Hi @Jeffwan , sorry I somehow missed this comment. Do you mean coming up with a list of AWS-specific examples that would be useful?
@karlschriek I mean some examples you need but you can not find in the community. I will ask solution architectures to wrote more examples based on your needs.
@eterna2 Thanks for the contribution. I can help to address S3 and tensorboard issues. They are there for long times. Hope we can make it by 1.0. Another thing In your PR I notice is as we have more changes against S3 infrastructure. We probably need more testing infra support.
@Jeffwan
Above 2 use cases would be very helpful in my opinion. There are very limited resources in the community for the same.
Thank you.
@Dhaval08 Thanks for the feedbacks. I will ask people to work on some concrete e2e examples on this.
@Jeffwan
- An end-to-end example of using kubeflow pipelines (with AWS EKS) and demonstrating how to integrate with S3 and tensorboard.
- An end-to-end example of using kubeflow pipeline API. How to submit a run, monitor the status, get logs/artifacts, terminate a run, etc. using the pipeline API
Above 2 use cases would be very helpful in my opinion. There are very limited resources in the community for the same.
Thank you.
I would also find this useful. In particular also how to deal with artifacts (input data, saved models, generated predictions) etc. on S3. A really typical use-case we have is training image recognition models where the images are all stored individually in S3. Pipeline components that fetch these images and prepare them for training in TensorFlow, then saves the results to S3 again would be very useful.
It would also be important to show how InputBinaryFile and OutputBinaryFile etc. could be used here, although that isn't really AWS .
Pipeline components that fetch these images and prepare them for training in TensorFlow, then saves the results to S3 again would be very useful.
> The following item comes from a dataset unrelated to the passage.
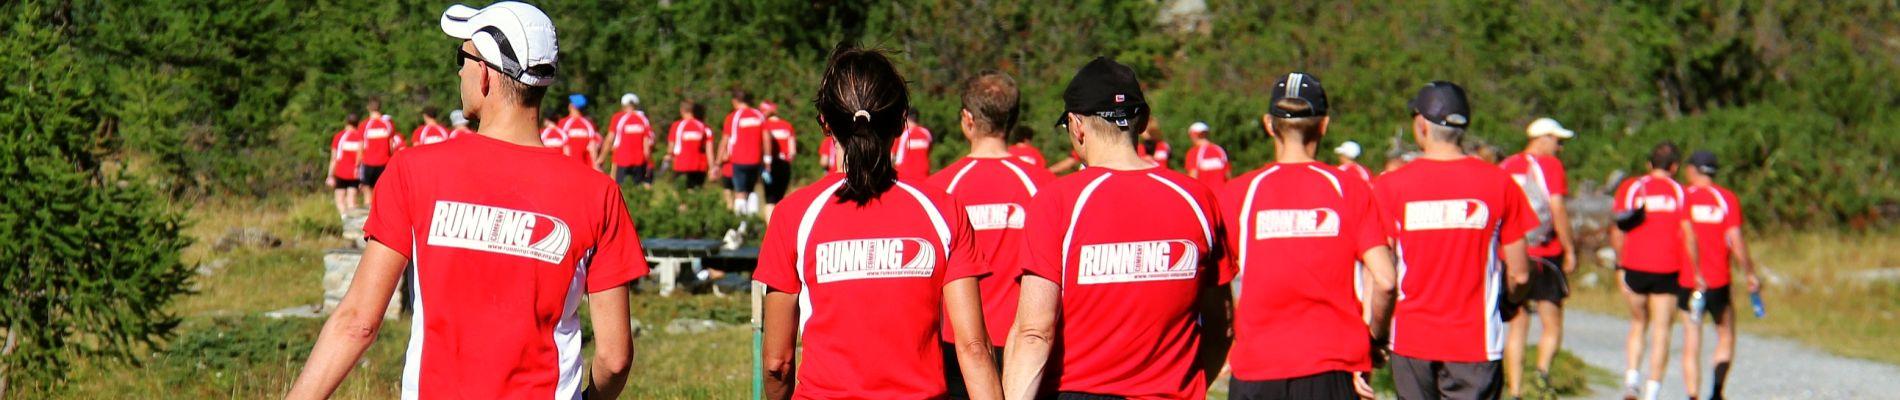 Halbmarathon Training und Vorbereitung auf 21 km mit RUNNING Company

It would be nice to have more real-world components and pipelines like this. I can help you with any issues you have componentizing the code.
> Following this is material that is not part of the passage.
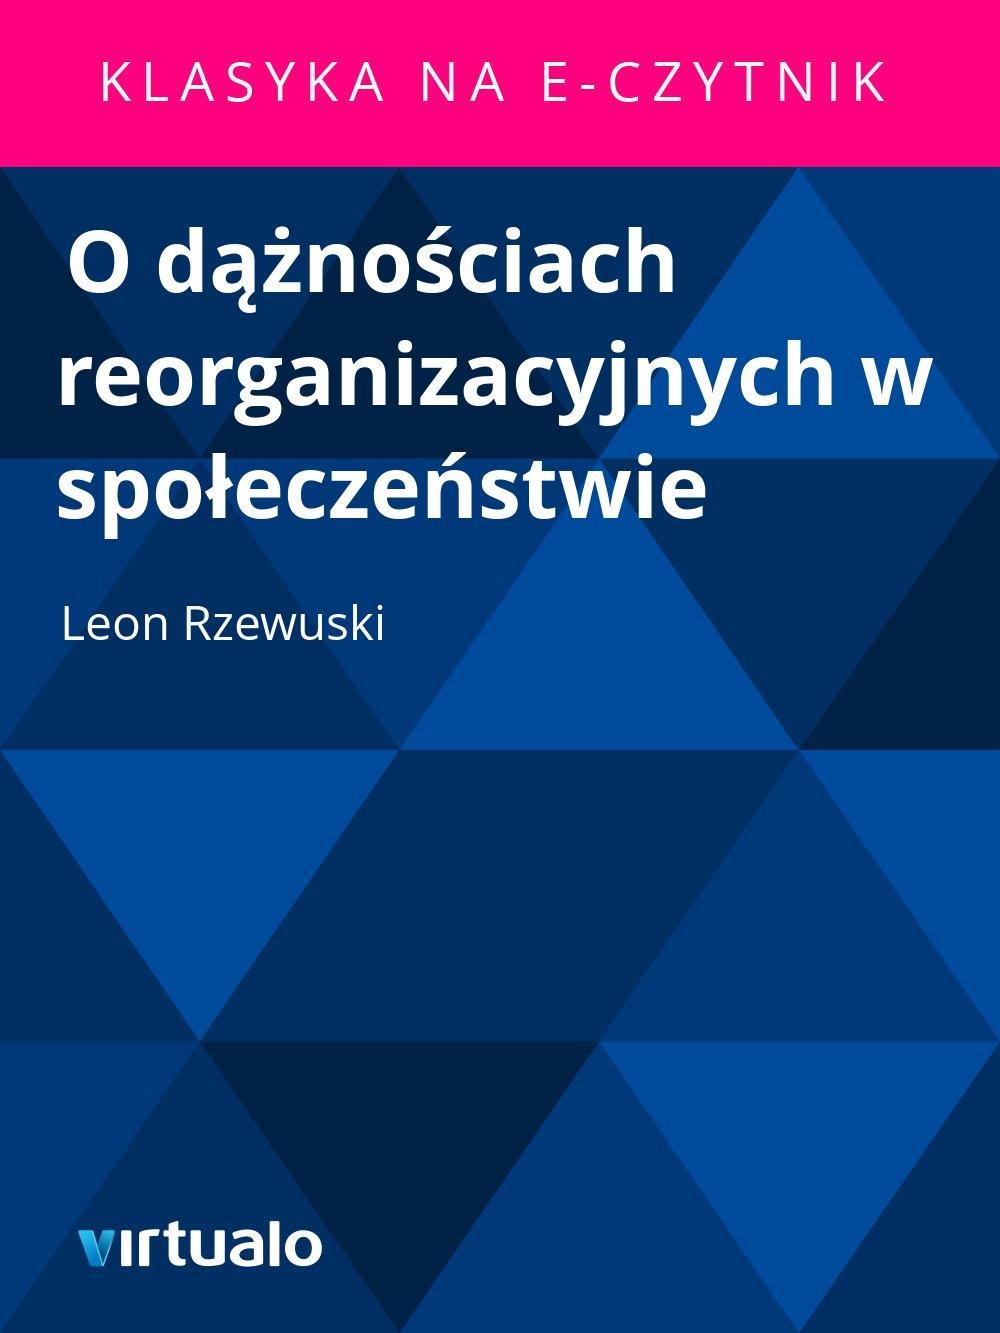 O dążnościach reorganizacyjnych w społeczeństwie - Ebook (Książka EPUB) do pobrania w formacie EPUB

I would also find this useful. In particular also how to deal with artifacts (input data, saved models, generated predictions) etc.
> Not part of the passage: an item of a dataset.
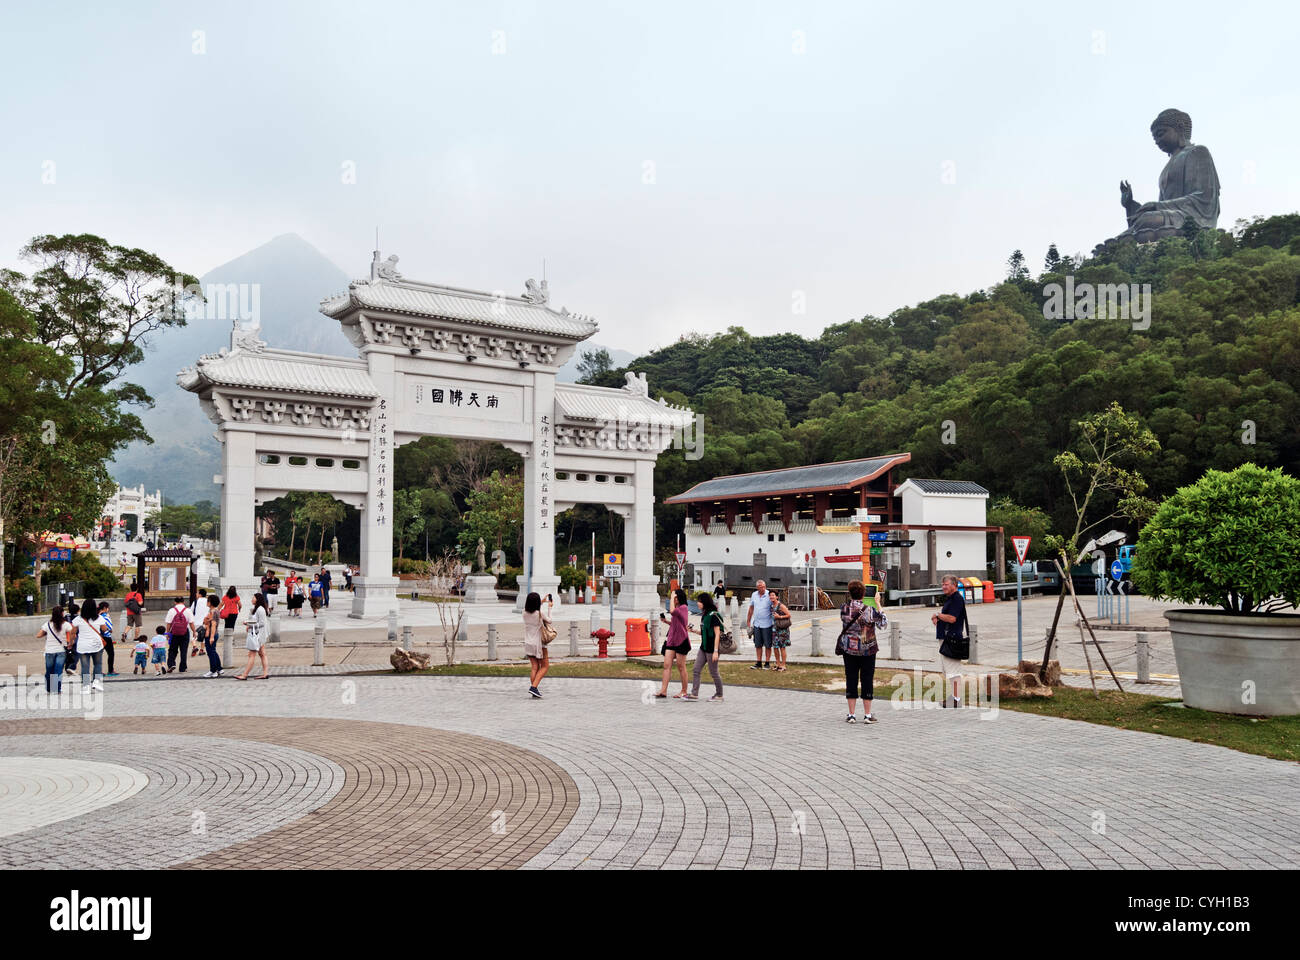 Gateway and approach to Tian Tan Buddha, Lantau Island, Hong Kong - Stock Image

I think that most of the intermediate data should be passed as artifacts (stored with generated URIs) and only some of the resulting data needs to be exported to the "external" data storage locations (verified models, etc).
It would also be important to show how InputBinaryFile and OutputBinaryFile etc. could be used here, although that isn't really AWS .
JFYI: InputBinaryFile
is just InputPath
+ open(some_path, 'rb') as some_file:
@Jeffwan @karlschriek Do we have aws s3 based e2e examples available yet?
@Jeffwan @karlschriek Do we have aws s3 based e2e examples available yet?
We do have examples using aws secret. Once you have permission, you can use s3 on your own. Do you have anything specific in mind? We can add more examples
Do we have aws s3 based e2e examples available yet?
What are the remaining items for AWS support?
@Ark-kun I think there's some items not done yet in issue which is related to s3. https://github.com/kubeflow/pipelines/issues/3405
We can close this one now.
@Jeffwan
- An end-to-end example of using kubeflow pipelines (with AWS EKS) and demonstrating how to integrate with S3 and tensorboard.
- An end-to-end example of using kubeflow pipeline API. How to submit a run, monitor the status, get logs/artifacts, terminate a run, etc. using the pipeline API
Above 2 use cases would be very helpful in my opinion. There are very limited resources in the community for the same.
Thank you.
Any update on this? Specifically looking for e2e examples for AWS EKS and S3 that do not involve sagemaker. Thank you.
@Dhaval08 check https://github.com/aws-samples/eks-kubeflow-workshop/blob/master/notebooks/05_Kubeflow_Pipeline/05_03_Pipeline_mnist.ipynb This doesn't involve SM
I get some requests from aws users asking for better support pipeline project on aws. l take a look at the project and notice there're some areas I can improve for aws users.
Beside aws specific components, I will also address kubeflow/pipelines#345 and kubeflow/pipelines#337.
I am starting work now and any comments and feedbacks are welcome!